ELG 7187C - Deriving protocols for communication services and distributed workflow applications

Note: on overview of the issues discussed here is given in the Powerpoint slides on "Deriving component designs".

The problem

Assumption: We assume that the system is composed out of a number of components (which may communicate through message passing). Each component can perform certain local actions.

Problem: Given a global service specification which defines the order in which the local actions at the different components should be exercuted, we want to find a communication protocol that defines the behavior of the protocol entities executing on each component. Such an entity is assumed to be able to control the local actions through rendezvous communication with some application software, and communicate with the entities on the other system components by the exchange of messages. We therefore want to find an algorithm that takes as input the local actions and the global service specification, and produces as output the set of messages for communication between the protocol entities, and the entity behaviors which define the order of (local) execution of sending and receiving of messages and the execution of local actions.

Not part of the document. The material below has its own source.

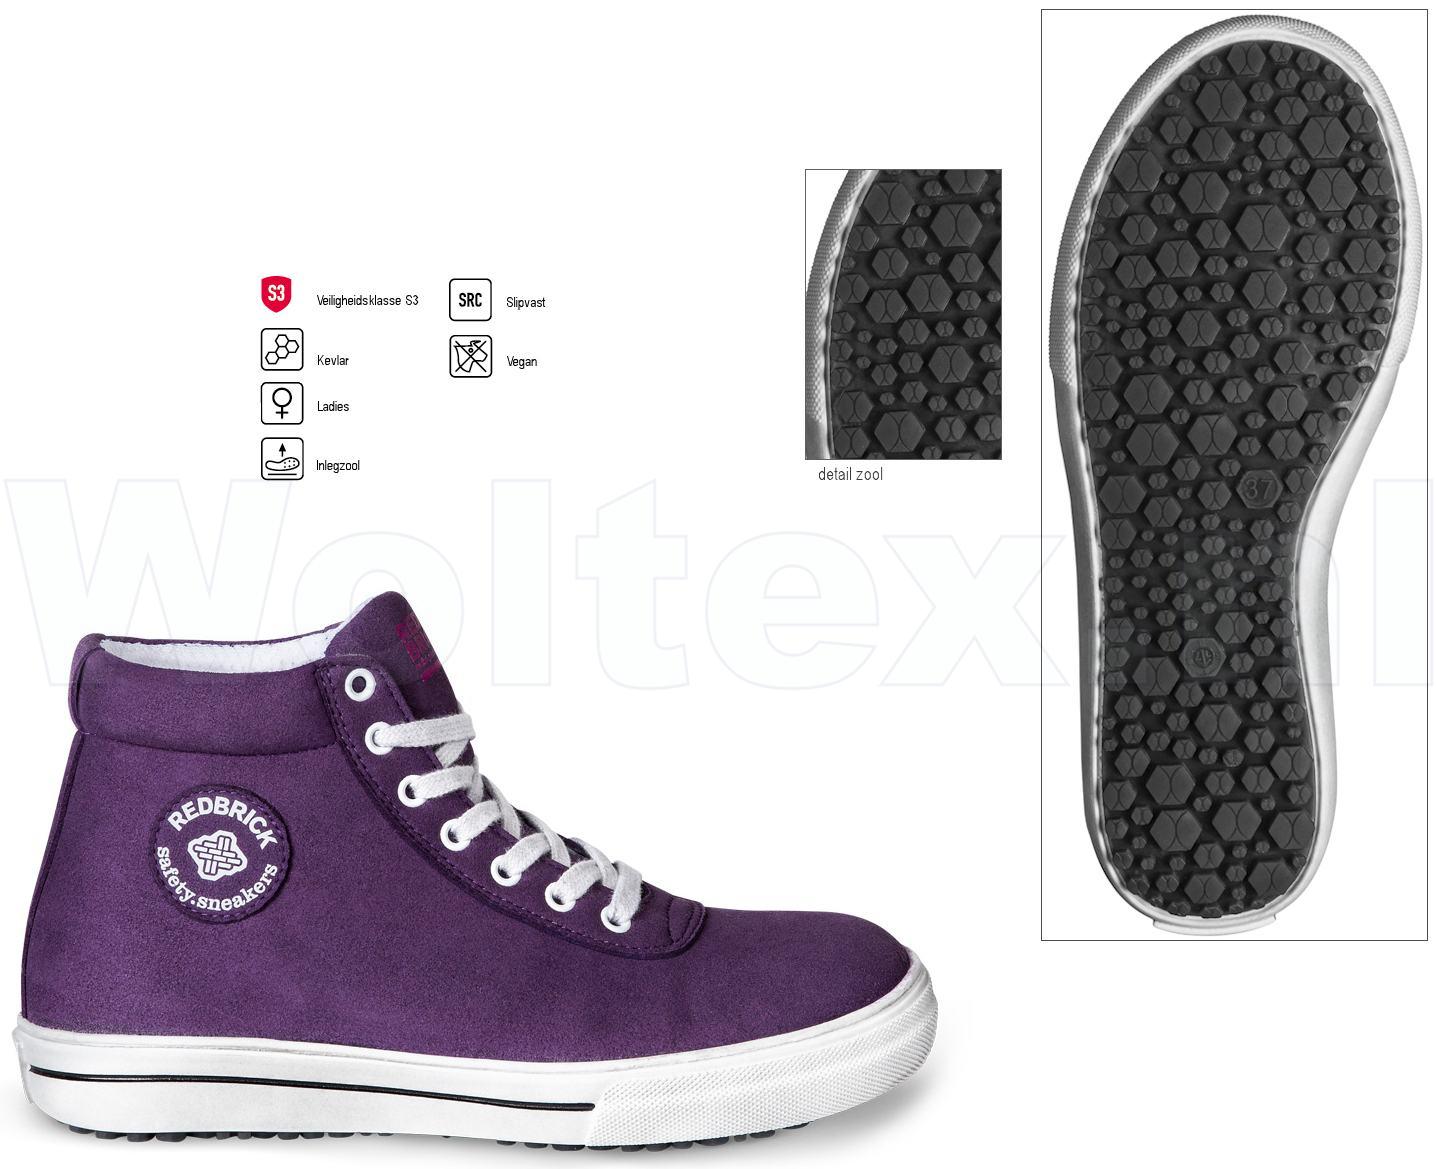 Redbrick Dames Werkschoenen.Redbrick Ladies Line Veiligheidsschoenen Louise Paars 36

We consider in the following cases with different languages used for defining the global behavior specification, starting with the most simple form: Labelled transition systems

Service specification in the form of a Labelled Transition System (LTS)

Assumptions

Idea for the derivation of a communication protocol

Limitations

Service specification in the form of a Petri net

Assumptions

Idea for the derivation of a communication protocol

Here is an example:

Original Service Specifiction With swimlanes
service spec swimlanes
Transformation principle Final result
transformation result

Notes: This is the same idea which is presented in Slide 36 of the Powerpoint slides on "Deriving component designs". If the Petri net is not a free-choice Petri net, the problem of making choices between different transitions is much more difficult.

Different kinds of choices (application perspective)

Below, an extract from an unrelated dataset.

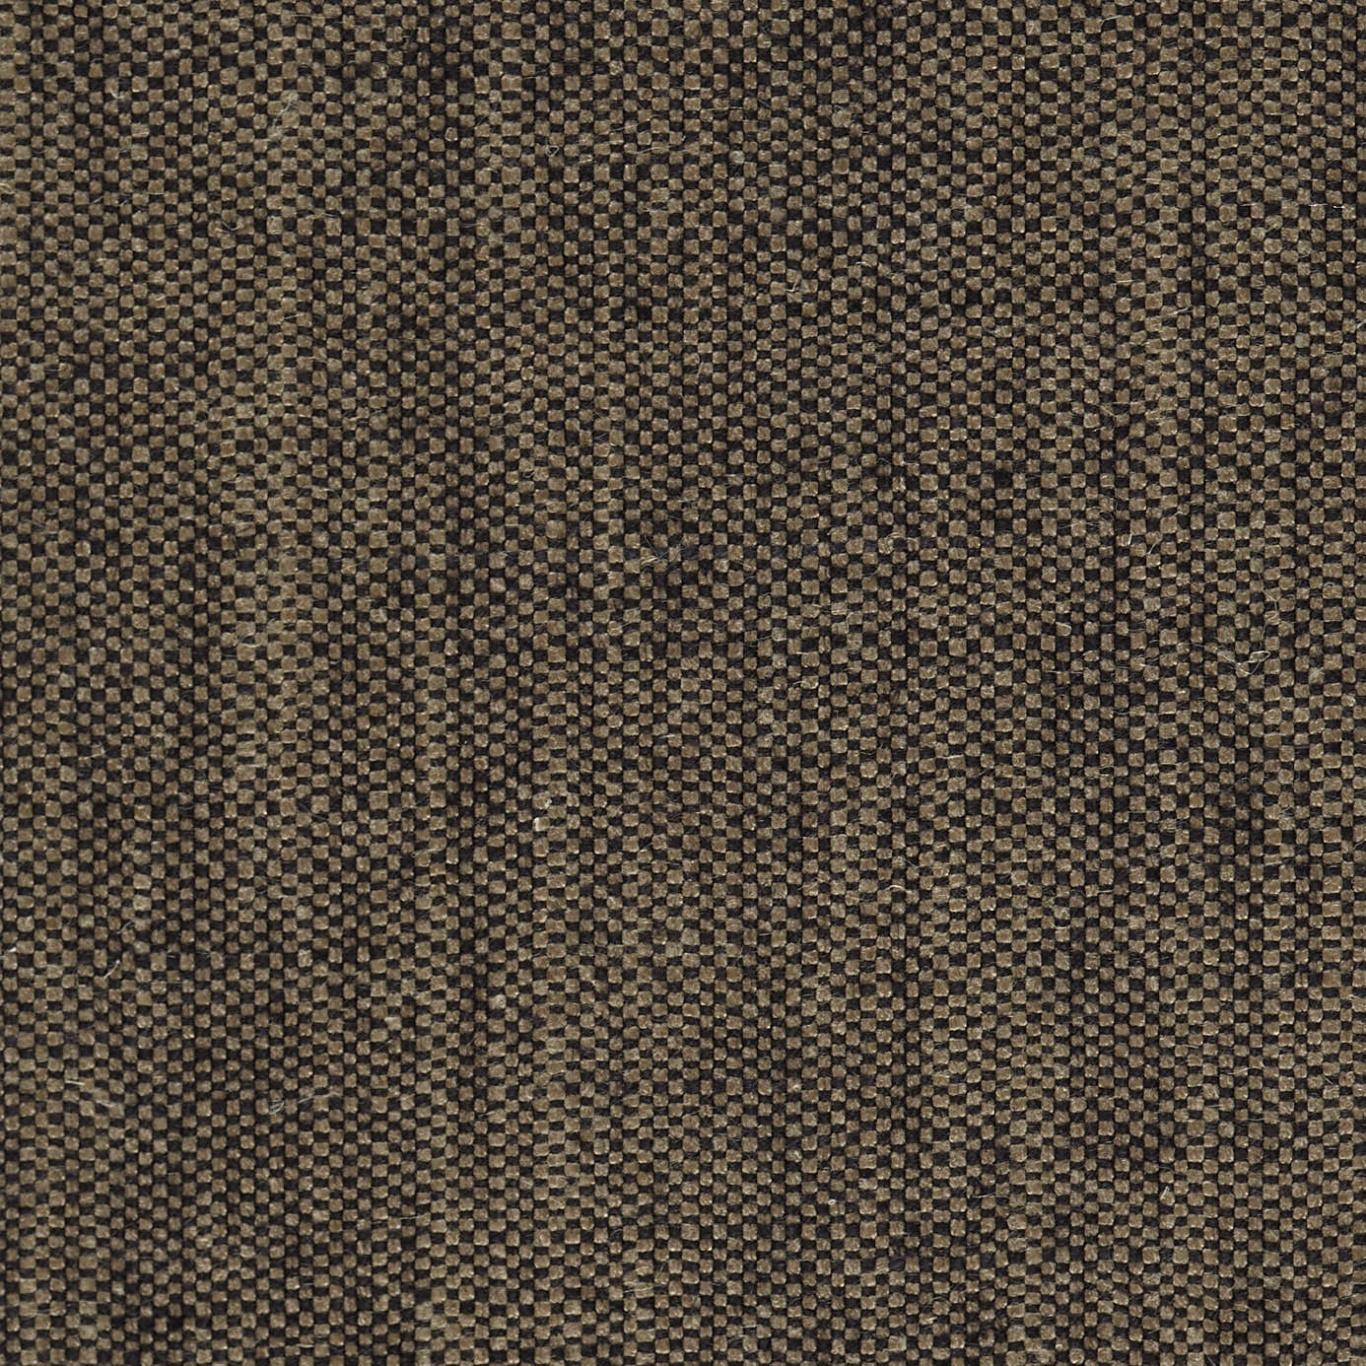 Image of Harlequin Atom Tortoiseshell Fabric 440332

Service specification in the form of a LTS with concurrency (like UML State diagrams with hierarchical states containing concurrent behaviors)

When I wrote the first paper on "protocol derivation from service specifications" in 1986, the idea of hierarchical state charts were just published. I was rather inspired by the notation introduced in the LOTOS specification language which was developed during that timeframe. This notation used LTS semantics for communication (rendezvous) and had operators for defining state machine sequencing as well as concurrency. Our approach to protocol derivation was later extended and improved (see historical perspective below). The easiest reading is probably the paper by Khendek (Reference: (F. Khendek, G. v. Bochmann and C. Kant, New results on deriving protocol specifications from services specifications, Proc. SIGCOMM'89, July 1989, in Computer Communications Review Vol.19 no.4, pp. 136-145) ) which deals with the following sequencing operators: (strong) sequence, choice of alternatives (local choice), concurrency, regular recursion for constructing state machines. The slides of this Concordia tutorial (the last section on "Deriving protocol specifications from service specifications") give some overview of the issues involved.

Assumptions

Idea for the derivation of a communication protocol

Limitations

Historical perspective

The idea of deriving a protocol from a service specification was first presented in [G. v. Bochmann and R. Gotzhein, Deriving protocol specifications from service specifications, Proc. ACM SIGCOMM Symposium, 1986, pp. 148-156]. In this paper it was assumed that the service specification is written in some process algebra language including the following operators: stop, action prefix, alternatives, independent parallelism, and process names. << for details, you may look at the ACM journal paper . This paper also considers the passing of parameter values between the different sites involved in the protocol. >>  Without parallelism, this corresponds to the LTS formalism, for which protocol derivation was described in a paper by Saleh. 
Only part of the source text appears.